▶ Problem requirements
Below are the records. Retype exactly the lines between the lines holding "PANTONE 14-0957 TCX - Spectra" and "Drill by Internal", inclusive.

▶ Supplied entries
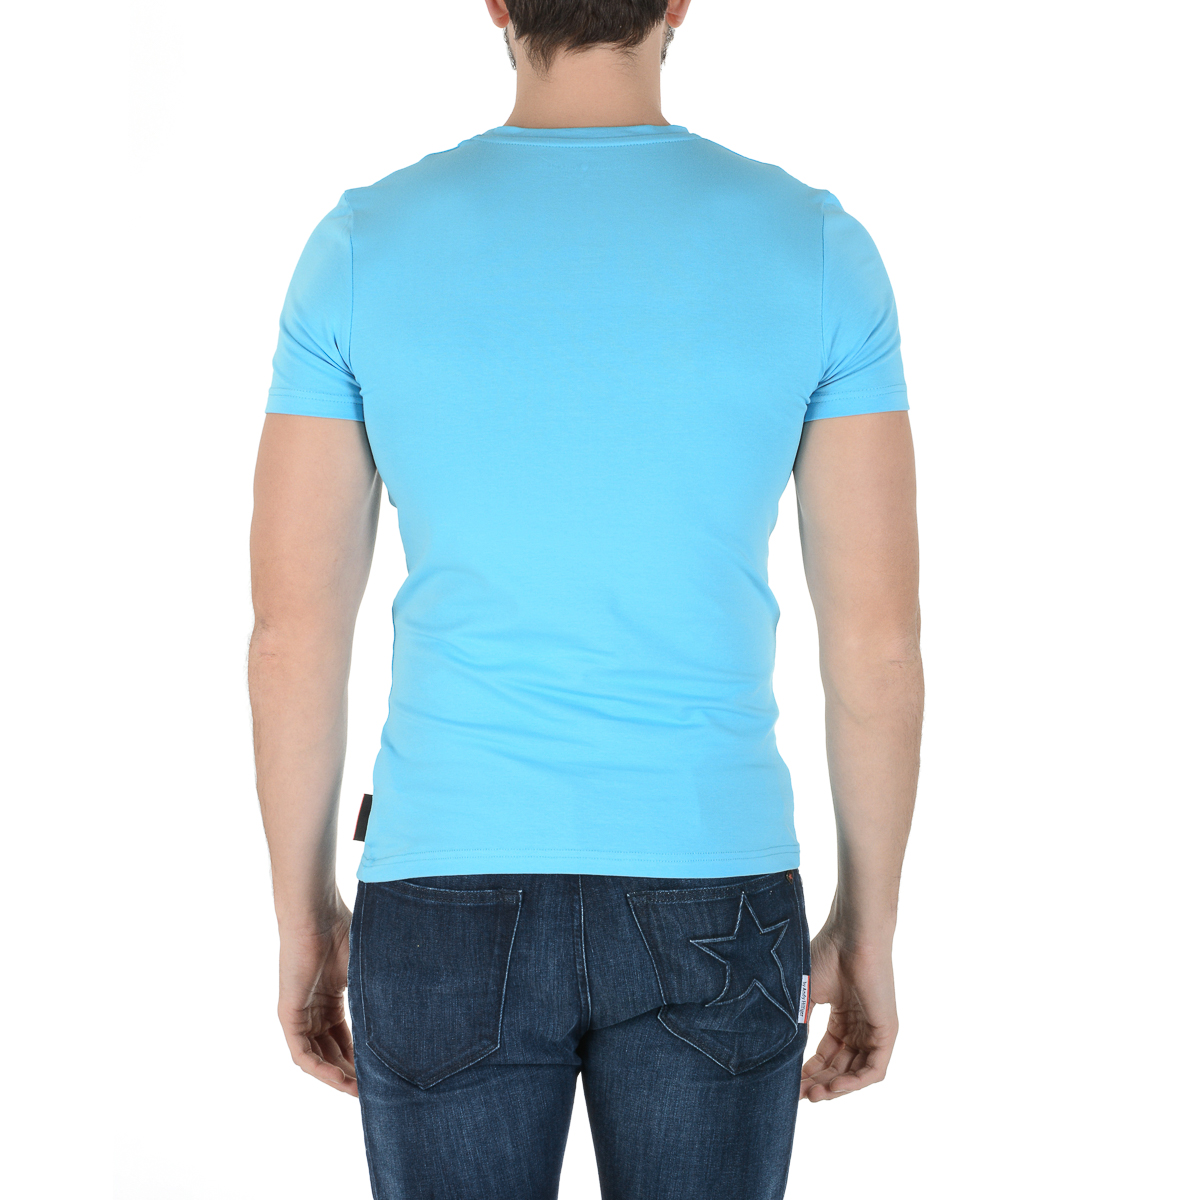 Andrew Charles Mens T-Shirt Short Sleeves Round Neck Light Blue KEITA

* * *

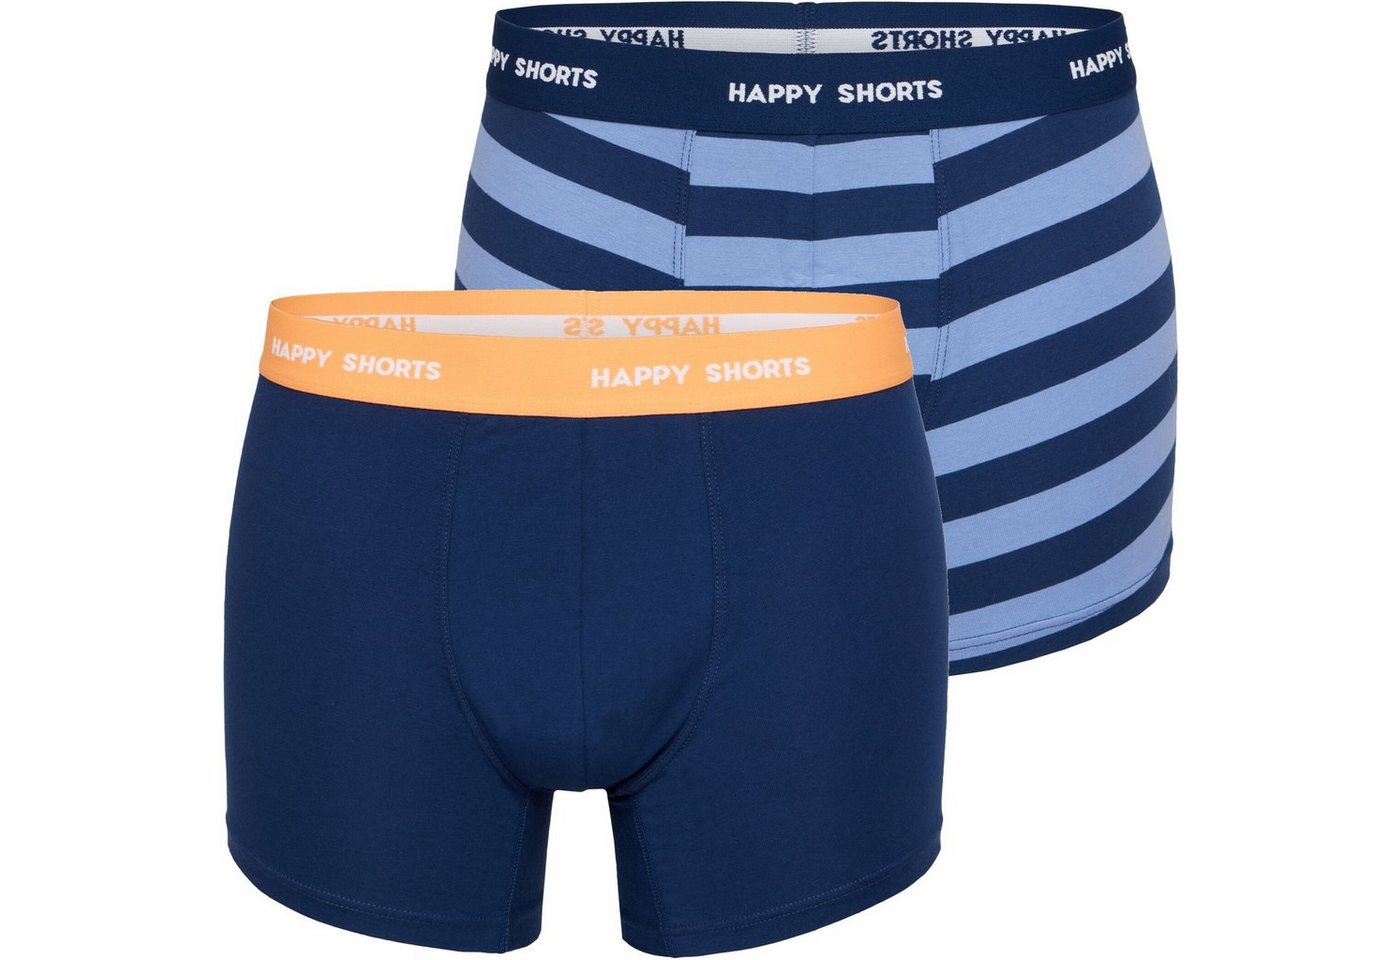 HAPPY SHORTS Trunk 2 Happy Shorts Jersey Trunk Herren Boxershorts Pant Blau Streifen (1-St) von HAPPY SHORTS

--

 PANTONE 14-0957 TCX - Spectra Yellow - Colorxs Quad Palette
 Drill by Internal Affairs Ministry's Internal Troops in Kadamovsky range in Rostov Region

▶ Completed exercise
 PANTONE 14-0957 TCX - Spectra Yellow - Colorxs Quad Palette
 Drill by Internal Affairs Ministry's Internal Troops in Kadamovsky range in Rostov Region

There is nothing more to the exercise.